Citizens who protest the system, those who cannot secure work, are marginalized and ignored at best or, worst, repressed and criminalized by militarized means.

Robinson insists that the United States is not imperialistic but rather short-sighted as it strives to protect global capitalism and its own transnational interests much like a global police force. Costly ventures accelerate its own decline, and steeped in debt, many in the United States are losing the will for constant global fights and crises. No country seems eager or ready to take its place.

People of all classes are impatient as the most powerful nation-states struggle to unite in protecting against global threats. Bickering, polarization, corruption and failures weaken and discredit government.

The outlook for reform is bleak, and Robinson unfortunately offers little advice for resolution. Globalization and integration of national economies have led to common class interests.

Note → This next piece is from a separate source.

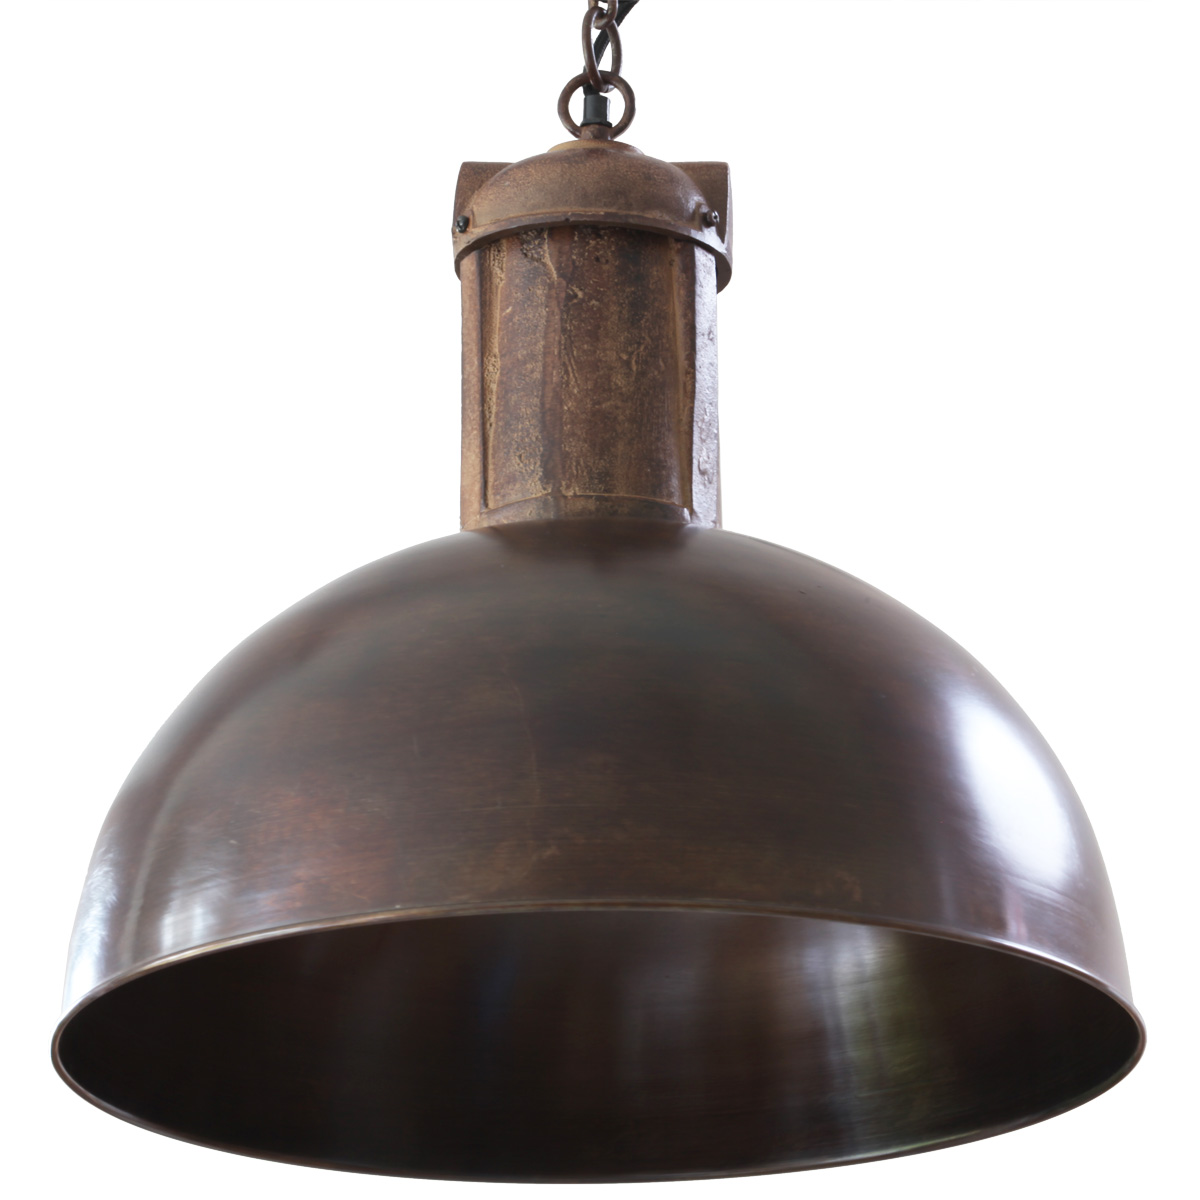 SOLAR kupferne Nostalgie-Fabriklampe an Kette: Die kupferne Fabriklampe mit 50 cm Durchmesser (großes Modell)

The challenge for the ruling class is to stabilize capital and minimize crises, and the challenge for the disgruntled poor and middle classes is to organize across borders.  So far, the elites have great cohesion; they are politically engaged, capable of driving or slowing policy at all levels.

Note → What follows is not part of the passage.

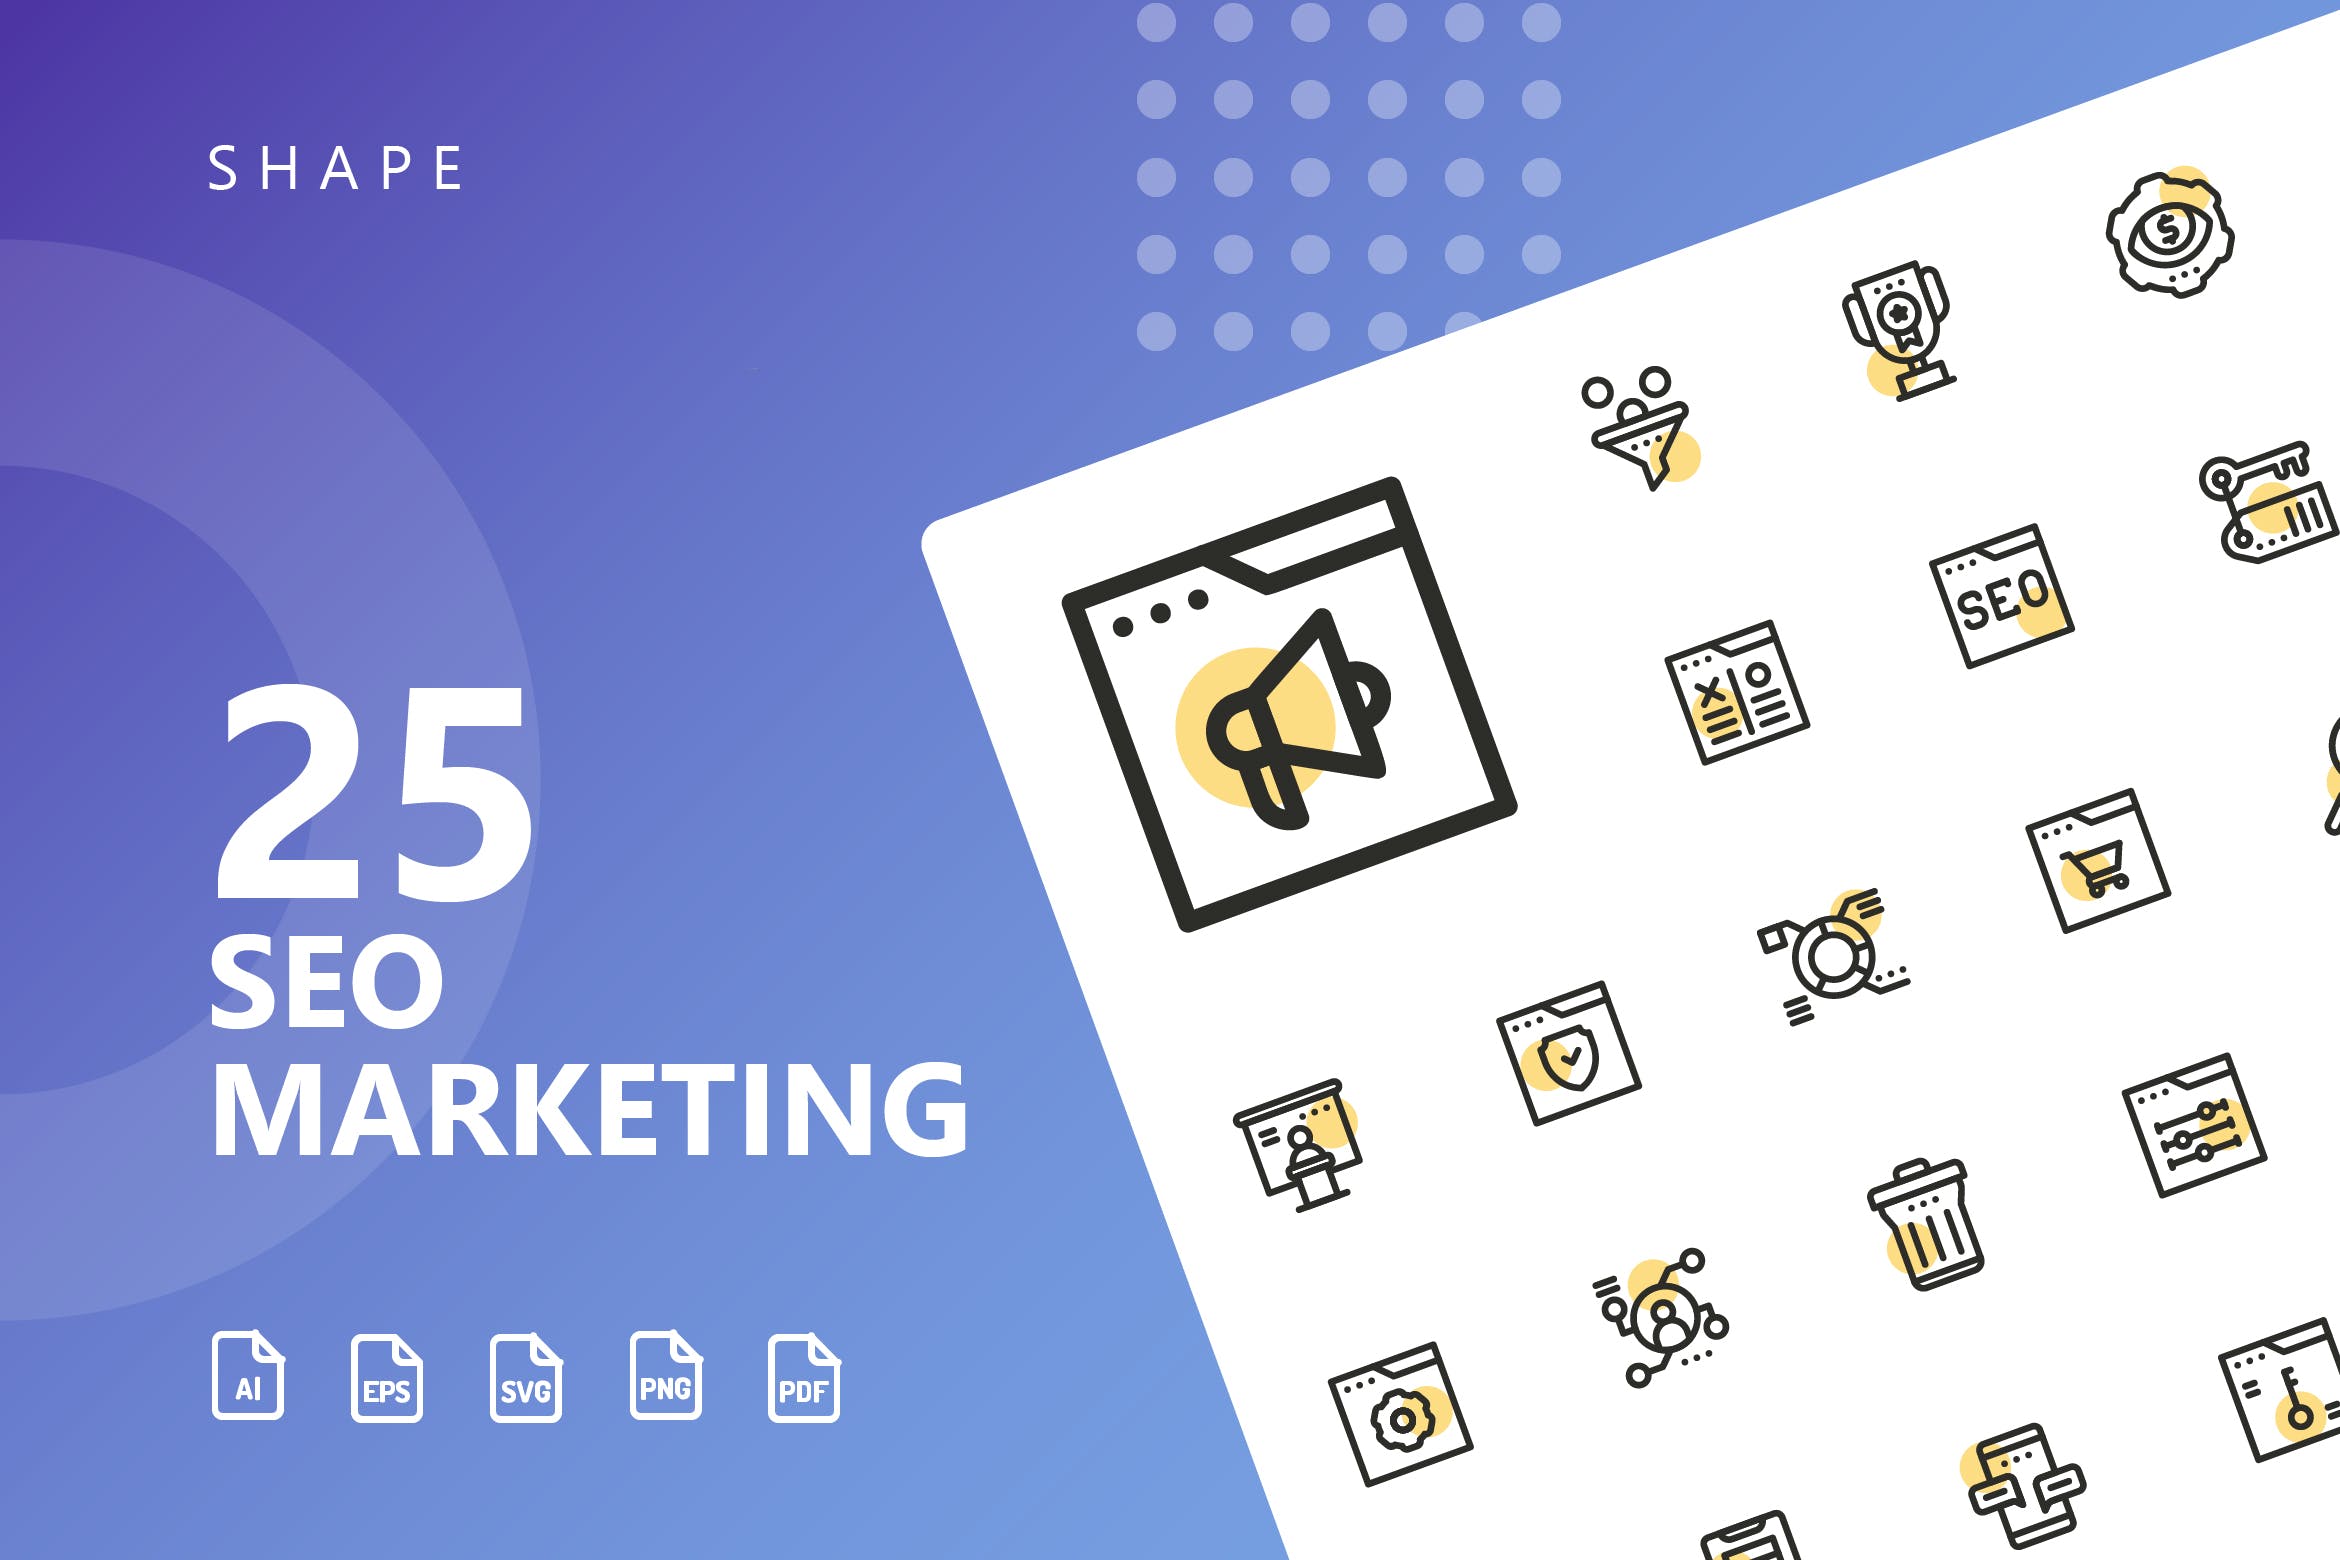 25枚SEO搜索引擎优化营销矢量圆点装饰第一素材精选图标v2 SEO Marketing Shape Icons插图

Still, the most astute, wealthy or not, recognize all too well that efforts to carve out safe communities could fail against threats like climate change, global pandemic like Ebola and or determined terrorists who plot alone. Robinson concludes that strategizing at the global level is essential to counter the cycles of war, greed and profit-making – with all the distracting panics in between.

In an age of rapid communications and social media, the way forward could move in any direction: A sophisticated wave of fascism led by militaristic, nationalistic, expansionist elites who reject education and impose their own controls; reform and specific goals on global priorities by those who can mobilize publics across borders, the workers and activists who are great in number, but fragmented, distracted and low on resources; or, the current complacency and intermittent panics that ensure self-destruction.

Global organizing is needed among the webs of resistance and those concerned about the systemic crises. As noted by former British Prime Minister Gordon Brown in 2008, the world has global financial markets and corporations, but stops with national regulation. Only radical overhaul of national and global institutions can end the uneven and futile responses to the planet’s interconnected systemic crises. 

Robinson warns of a stark choice: renewal of critical thinking, political engagement and redistribution, or a new Dark Ages with the collapse of trade, the spread of disease, the loss of technology and advanced skills.

 
 

Susan Froetschel has been with YaleGlobal Online since 2005. Her most recent mystery novel, Fear of Beauty, is set in Afghanistan and received top honors in mystery and suspense from the Military Writers Society of America for 2014.